RESENHA BIBLIOGRÁFICA

Antonio Celso Agune

Uma era de descontinuidade: orientações para uma sociedade em mudança

Por Peter F. Drucker. 3.ed. Rio de Janeiro, Zahar Editores, 1976. 427 p.

Trata-se da tradução feita por J. R. Brandão Azevedo da 1.a edição do livro, publicada em 1969 por William Heinemann Ltd. de Londres e por Hopper & Row (Publishers) Inc. de Nova York, cujo título original é: The age of discontinuity: guidelines to our changing society.

Escrito em estilo de reportagem em face da abordagem dada - superficial segundo o próprio autor - é dividido em quatro partes principais, e procura, em linhas gerais, diagnosticar e descrever o período de transição (descontinuidade) por que estamos passando, concentrando suas atenções, principalmente, em quatro níveis: novas tecnologias, mudanças estruturais na economia mundial, estrutura da sociedade e no conhecimento científico.
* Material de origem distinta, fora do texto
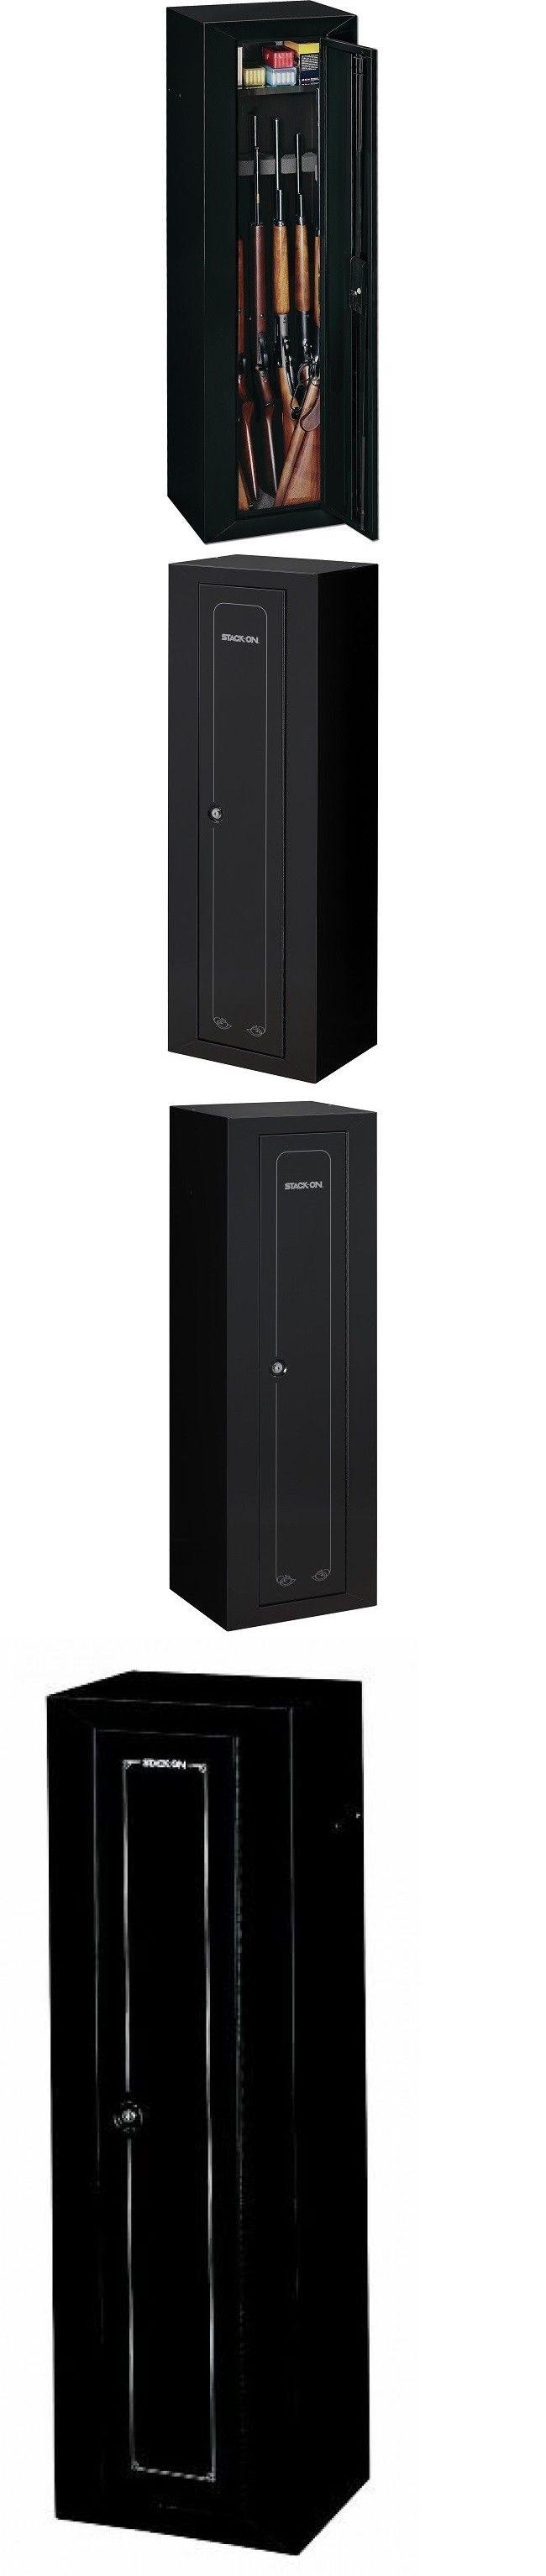 Cabinets and Safes 177877: Gun Cabinet Black 10 Gun Storage Steel Secure Locker W Shelf Rifle Shotgun 52 -> BUY IT NOW ONLY: $159.99 on eBay!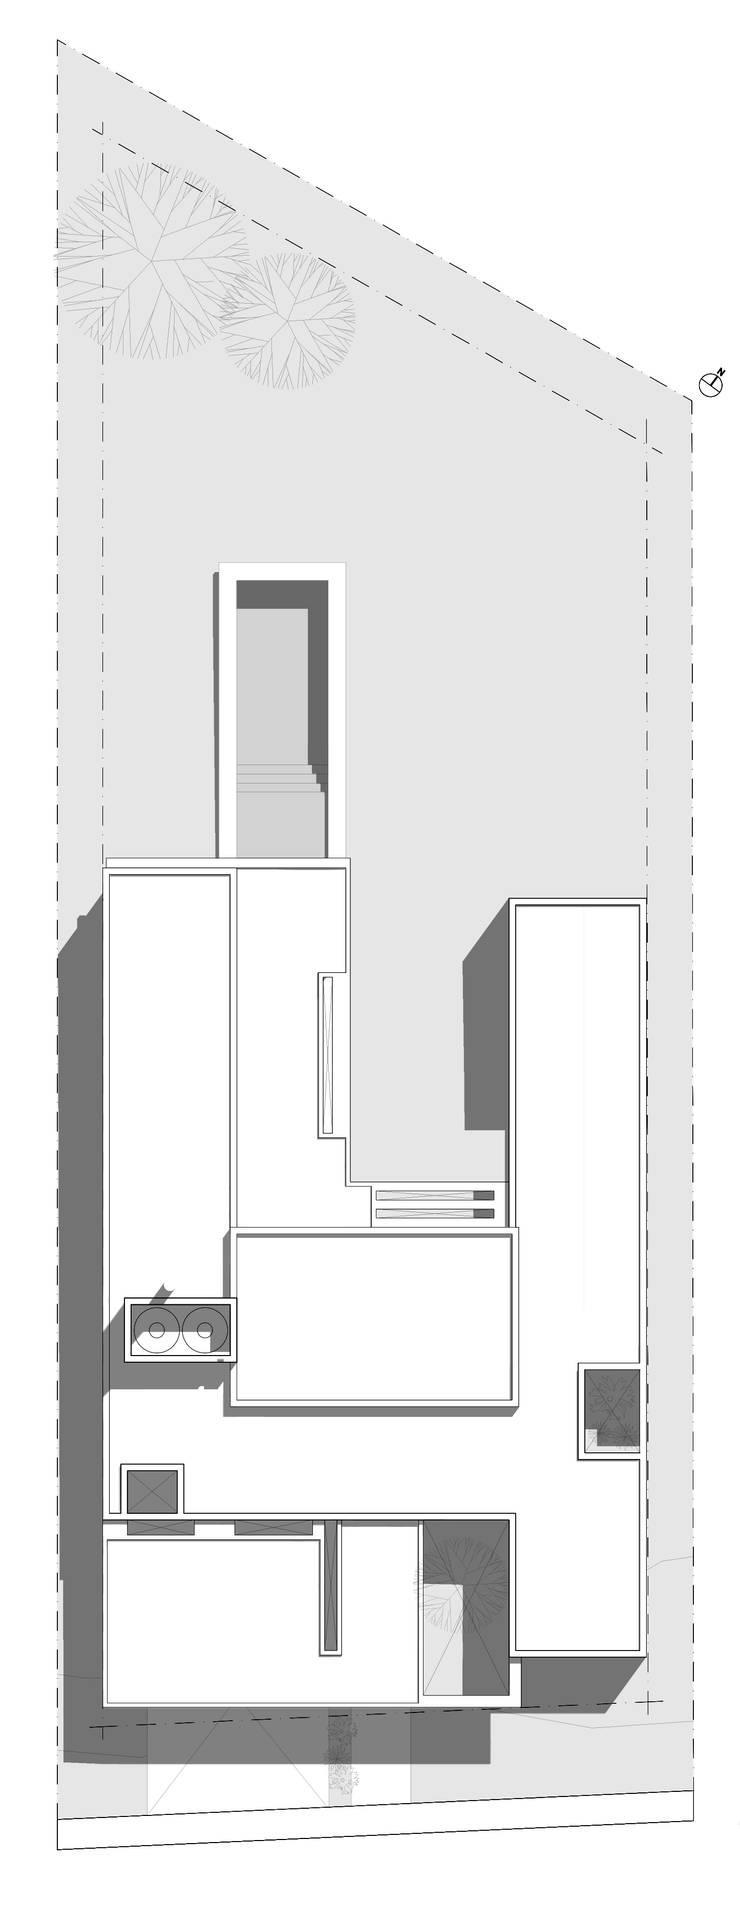 CASA QP:  de estilo  por Poggi Schmit Arquitectura

Devido ao caráter superficial do livro, torna-se bastante difícil uma análise mais concreta nesta resenha, já que são abordados inúmeros problemas sem uma seqüência ou ligação claramente definida. Em virtude desta razão irei, simplesmente, descrever alguns tópicos, que considero mais relevantes, dentro de cada capítulo do livro.

Na primeira parte - As tecnologias do conhecimento (p. 15-94), considerando que "... na área em que a maioria das pessoas pensa que se deram as maiores mudanças nos últimos 50 anos foi na verdade, um período de continuidade espantosa e inigualada: a economia", o autor procura demonstrar que as indústrias modernas que mais contribuíram para o grande progresso econômico - a agricultura, o aço e a indústria automobilística - estão baseadas em invenções ou descobertas datadas de, aproximadamente, 50 anos, não sendo portanto tão "modernas" quanto se afirma. Também, não têm mais condições de permitir um crescimento satisfatório - tanto nos países desenvolvidos como nos em desenvolvimento - originando-se então um período de transição ou descontinuidade previsto pelo autor. Para que a economia entre, novamente, numa época de crescimento prolongado (continuidade) o autor acredita que quatro indústrias - a de informações, a de materiais sintéticos, as derivadas dos serviços necessários às megalópoles e à exploração de oceanos - terão papéis de base ou sustentação no processo, só que, será necessário um novo conhecimento científico e tecnológico, uma nova mentalidade empresarial e uma nova estrutura organizacional para se adaptar a essas mudanças.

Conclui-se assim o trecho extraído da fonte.